In summary, constrained by CPF policies and the lack of better alternatives, I have to reluctantly put 65% of the investible amount in Unit Trusts.

I also invest in Unit Trusts using cash ($300 / month) via Maybank as I want to get the 3% p.a. interest rate under its SaveUp programme. Again, I am compelled to do so as I do not have any better way to fulfill the SaveUp programme criteria. Much of the criteria involve taking up loans (i.e. spending more money rather than saving)

How I choose the Unit Trusts to invest in?

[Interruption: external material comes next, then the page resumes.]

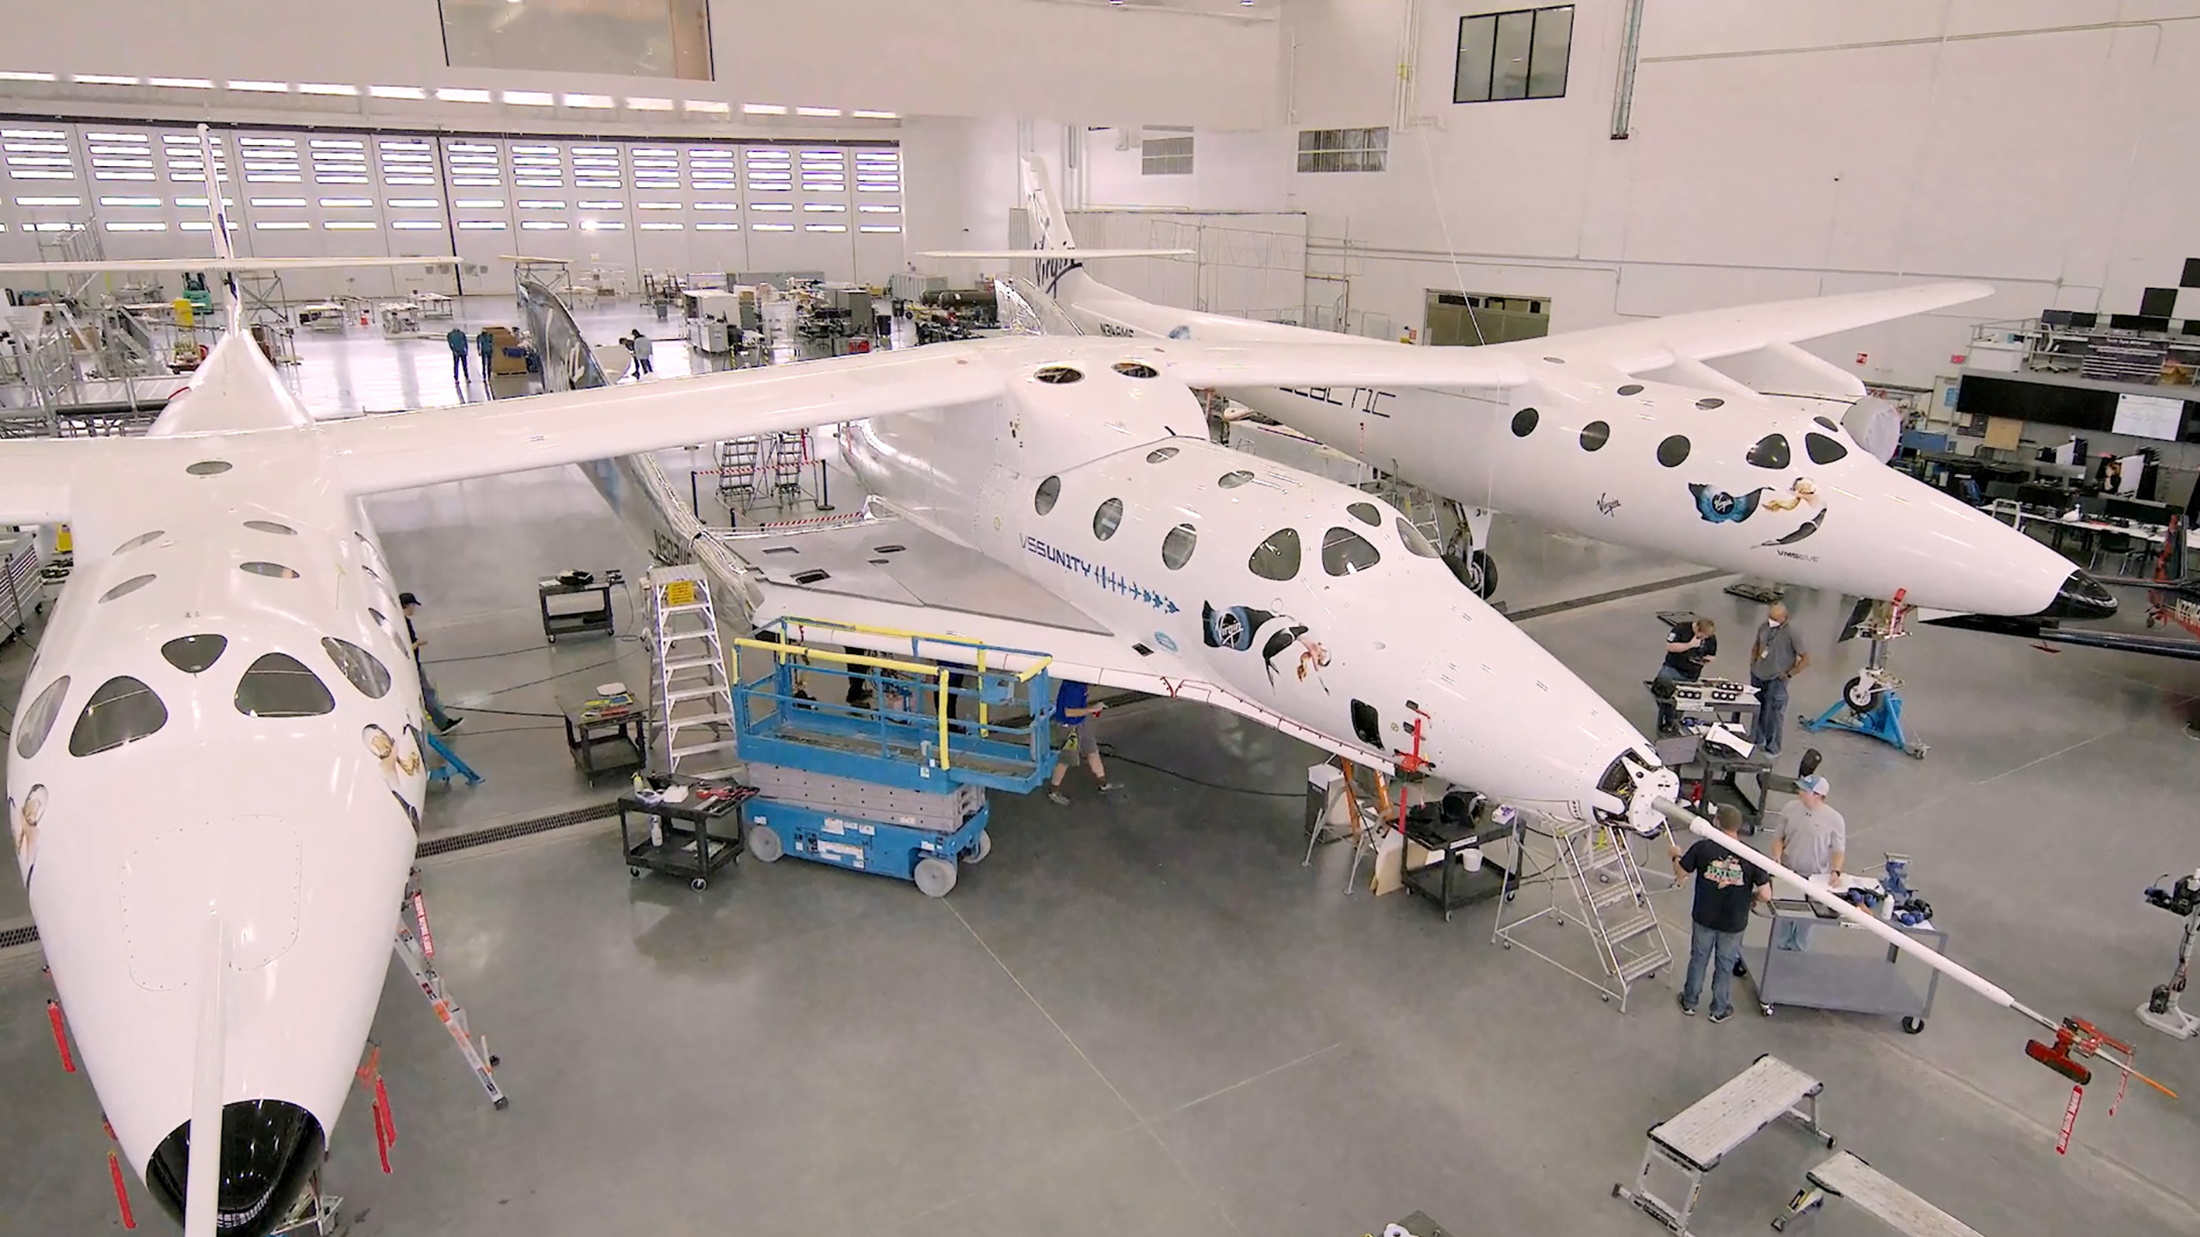 Virgin Galactic's passenger rocket plane, the VSS Unity, is seen in its hangar

Due to their high-cost nature, I'd want to buy those with the highest potential returns (often comes with the highest risk). I use Fundsupermart's fund selector (for free even though I am not its customer), to find funds with the following in mind: 
  1. Consistency: check the 3-yr, 5-yr and 10-yr returns for consistency. I generally ignore funds with very high 1 or 3-yr returns but low 10-yr return. 
  2. Underlying portfolio: look at the equity holdings to ensure the fund is investing in trustworthy and high-growth companies preferably ones which control a large market share of their respective industries.
    • avoid those so-called "high-yield bonds" as those are usually non-investment-grade bonds. I think only our CPF-SA is an exception.
  3. Fees: check that there is no redemption charge so you can sell without any sale charge. 
    • There is a risk that the redemption charge may change anytime at the fund manager's discretion.
Many people lost money because they entered at the wrong time, chose the wrong funds or their so-called advisors recommended the wrong funds (usually to line their pockets).

I wonder why there are people buying crappy funds that have been going sideways for years. Such funds still exist today probably because many people are gullible, not financial savvy, and/or they lack the courage to sell to realise their losses. 

Regular Savings Plan?

Many platforms offer some form of regular investment plan that I have since terminated and will avoid for now as I prefer to have more control over the price to buy and sell at (not 100% control though).

Downside

The biggest disadvantages of unit trusts are they don't offer limit orders and the settlement is extremely slow compared to instantaneous buying and selling over exchanges.

Avoiding more fees

I use POEMS as there is no sale charge, no platform fee and no switching cost. It is also a CPFIS administrator meaning you won't incur the $2 / counter / quarter fee from the CPFIS agent bank. FSMOne is also a good alternative with a better user interface and same offering as POEMS.

CPF-SA

I do not invest the SA money as I consider it a 30-year almost-risk-free high-yield "bond". The only risk comes from any CPF policy changes and economy instability.

Anyway there's nothing good to invest in. The only way to beat a guaranteed 4% is to buy unit trusts as CPF-SA cannot be used for stocks and ETFs. There is a limited set of unit trusts for CPF-SA that is different from that for CPF-OA. In this set, there are very few unit trusts with consistent performance over 4%. The best performing, First State Bridge, only had a 5.4% p.a. ROI for the past 10 years. I think the risk-reward ratio is not worth it.